You will be analyzing scanned document page images and extracting structured information from each one. The documents may be in {{LANGUAGES}}.

You are analyzing {{COUNT}} page image(s). You MUST return exactly {{COUNT}} entries in your final output, one for each image provided, in the exact order they appear.

For EACH page image provided, extract the following information:

**title**: The document title visible on the page. If no clear title is present, invent a concise descriptive title that captures the document's purpose. The title should be in the same language as the document itself (not translated to English).

**description**: A concise summary of the page content written in English (up to 300 words). Cover the key information, layout, and purpose. Even if the document is in another language, write this in English.

**detailed_analysis**: An exhaustive, in-depth analysis of every detail present on the page, written in English. This should be 500–2000 words and must include:
  - **Full text extraction**: Transcribe or closely paraphrase all visible text, including headers, footers, fine print, stamps, handwritten annotations, and watermarks.
  - **Visual elements**: Describe logos, seals, signatures, tables, charts, photos, barcodes, QR codes, checkboxes, and their positions on the page.
  - **Layout and structure**: Describe the page layout (columns, sections, margins, borders), formatting (fonts, bold, underline), and any visual hierarchy.
  - **Numerical data**: List all amounts, dates, reference numbers, account numbers, phone numbers, addresses, and any other numerical or coded information visible.
  - **Reasoning and context**: Explain what the document appears to be, why you classified it the way you did, what institution or process it relates to, and any inferences you can draw from the content (e.g., "This appears to be page 2 of a multi-page contract because..." or "The stamp suggests this was officially received on...").
  - **Condition and quality**: Note any issues with the scan — skew, blurriness, cut-off text, stains, folds, or partially visible content, and what information might be missing as a result.
  - **Language details**: Identify the language(s) used and note any multilingual elements.
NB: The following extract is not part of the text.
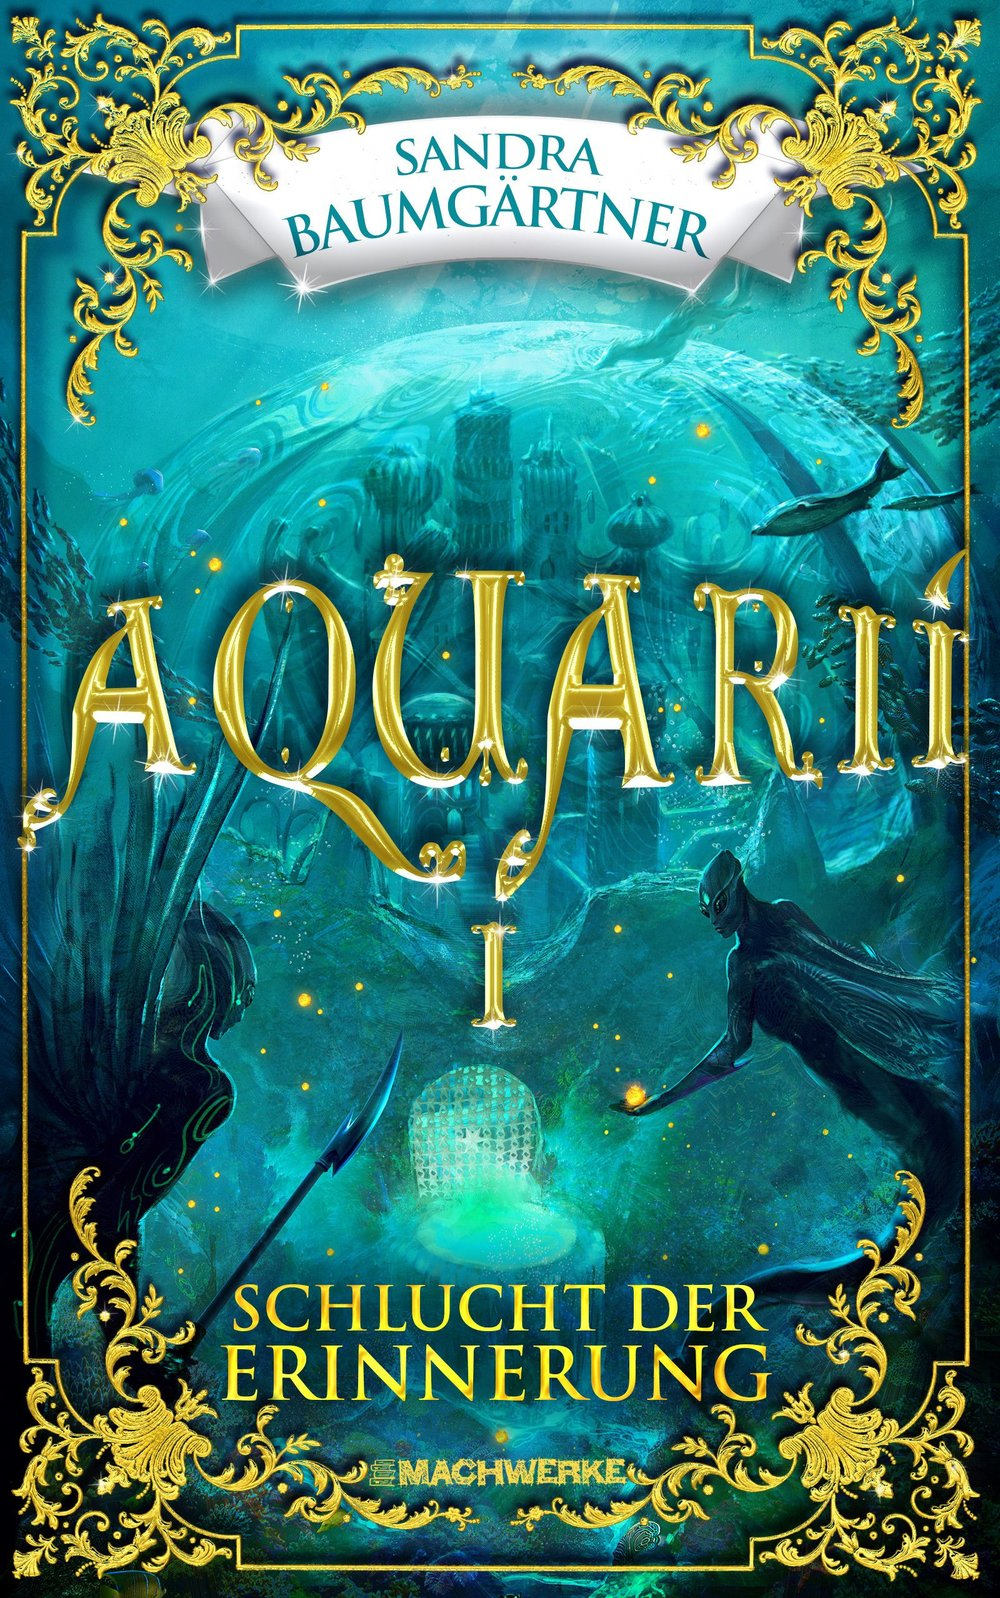 Aquarii-Schlucht-der-Erinnerung_Sandra-Baumgaertner.jpg

**page_number**: The printed page number if visible on the page (e.g., "1", "Page 2", "3/10"). If no page number is visible, use null.

**date**: The main date of the document if visible (e.g., issue date, signature date, letter date). Use ISO 8601 format (YYYY-MM-DD). If only a month and year are visible, use "YYYY-MM". If only a year is visible, use "YYYY". If no date is visible, use null.
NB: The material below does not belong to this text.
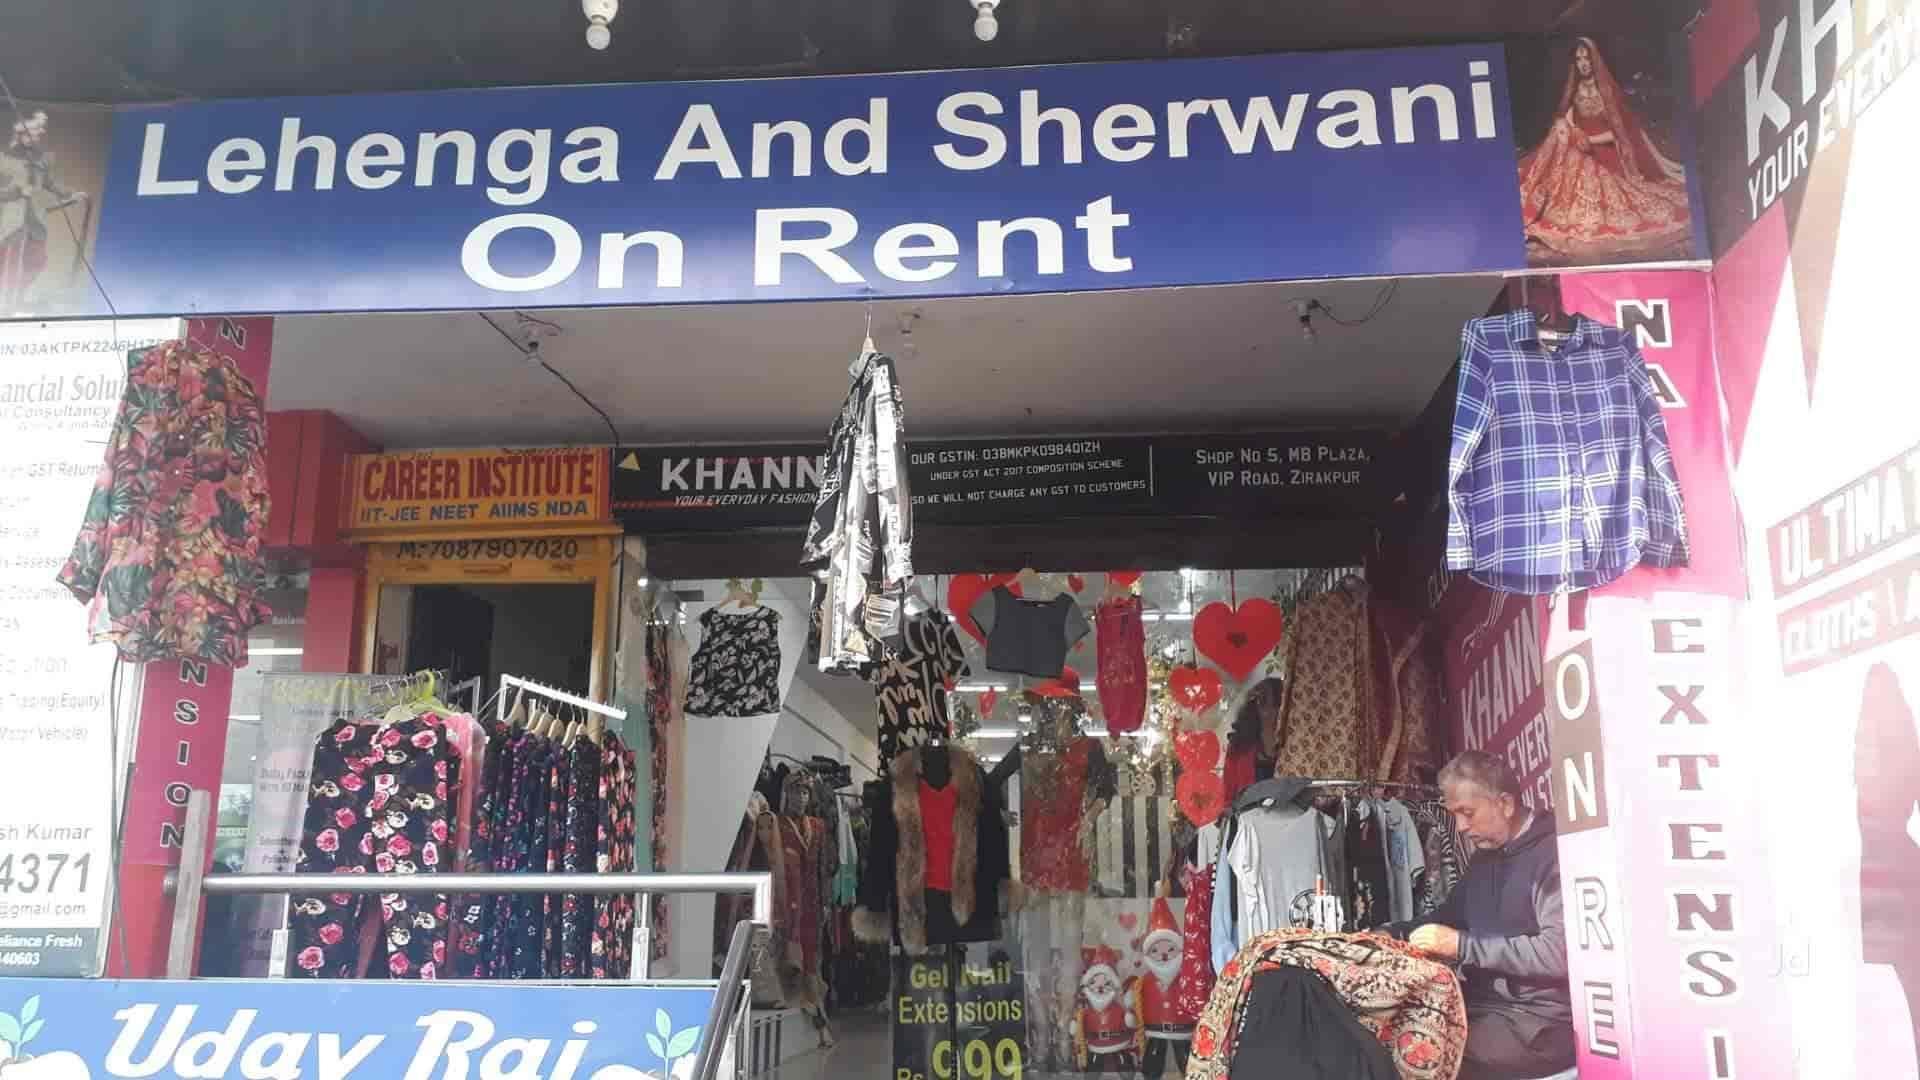 Khanna's, Near Reliance Fresh - Wedding Readymade Garments On Hire

**subject**: Any company name or logo text that is visible on the page. If multiple companies are mentioned, include the primary or most prominent one. If no company name or logo is visible, find a sender, otherwise use null.

**document_type**: Classify the document into one of these categories: invoice, letter, report, form, contract, receipt, memo, certificate, statement, tax, insurance, medical, legal, other. Choose the single best-fitting category based on the document's layout, content, and purpose.

**priority**: Assess the importance/urgency of this page's document. Choose one of:
  - "urgent": Requires immediate attention (overdue payments, legal deadlines, expiring documents, formal notices, final warnings)
  - "important": Significant documents to keep (contracts, certificates, medical records, tax documents, official government documents, identity papers)
  - "normal": Standard documents (regular invoices, correspondence, training materials, informational letters)
  - "spam": Junk, advertisements, promotional material, or documents with no real value

Important guidelines:
- Process the images in the exact order they are provided
- Each image gets exactly one entry in your output
- If text is in a language other than English, the title should remain in that original language, but the description must be in English
- Keep the description concise (up to 300 words) — it is used for document grouping
- Be exhaustive in the detailed_analysis (1000+ words) — capture every piece of information on the page
- Use null (not the string "null", not an empty string, not "N/A") when information is not available
- Make your best judgment on document_type based on visual cues, layout, content, and context
- Pay attention to headers, footers, logos, formatting, and structural elements when determining document type
- If a page is blank or unreadable, still provide an entry for it with appropriate null values and a description noting this
- For dates, convert whatever format you see into ISO 8601 format (YYYY-MM-DD, YYYY-MM, or YYYY)
- For priority assessment, consider the content and context carefully - legal notices, overdue bills, and expiring documents are urgent; contracts and official records are important; routine correspondence is normal; advertisements are spam

Structure your response as a JSON object with a "pages" array containing exactly {{COUNT}} entries, one for each image in order. Each entry should be an object with these fields: title, description, detailed_analysis, page_number, date, subject, document_type, and priority.

Your output must follow this exact JSON format:

```json
{
  "pages": [
    {
      "title": "string or null",
      "description": "string",
      "detailed_analysis": "string",
      "page_number": "string or null",
      "date": "string (YYYY-MM-DD) or null",
      "subject": "string or null",
      "document_type": "string",
      "priority": "urgent | important | normal | spam"
    }
  ]
}
```

Your final output should contain ONLY the JSON object with exactly {{COUNT}} entries in the pages array. Do not include any text, explanation, or commentary before or after the JSON. The response must be valid JSON that can be parsed directly.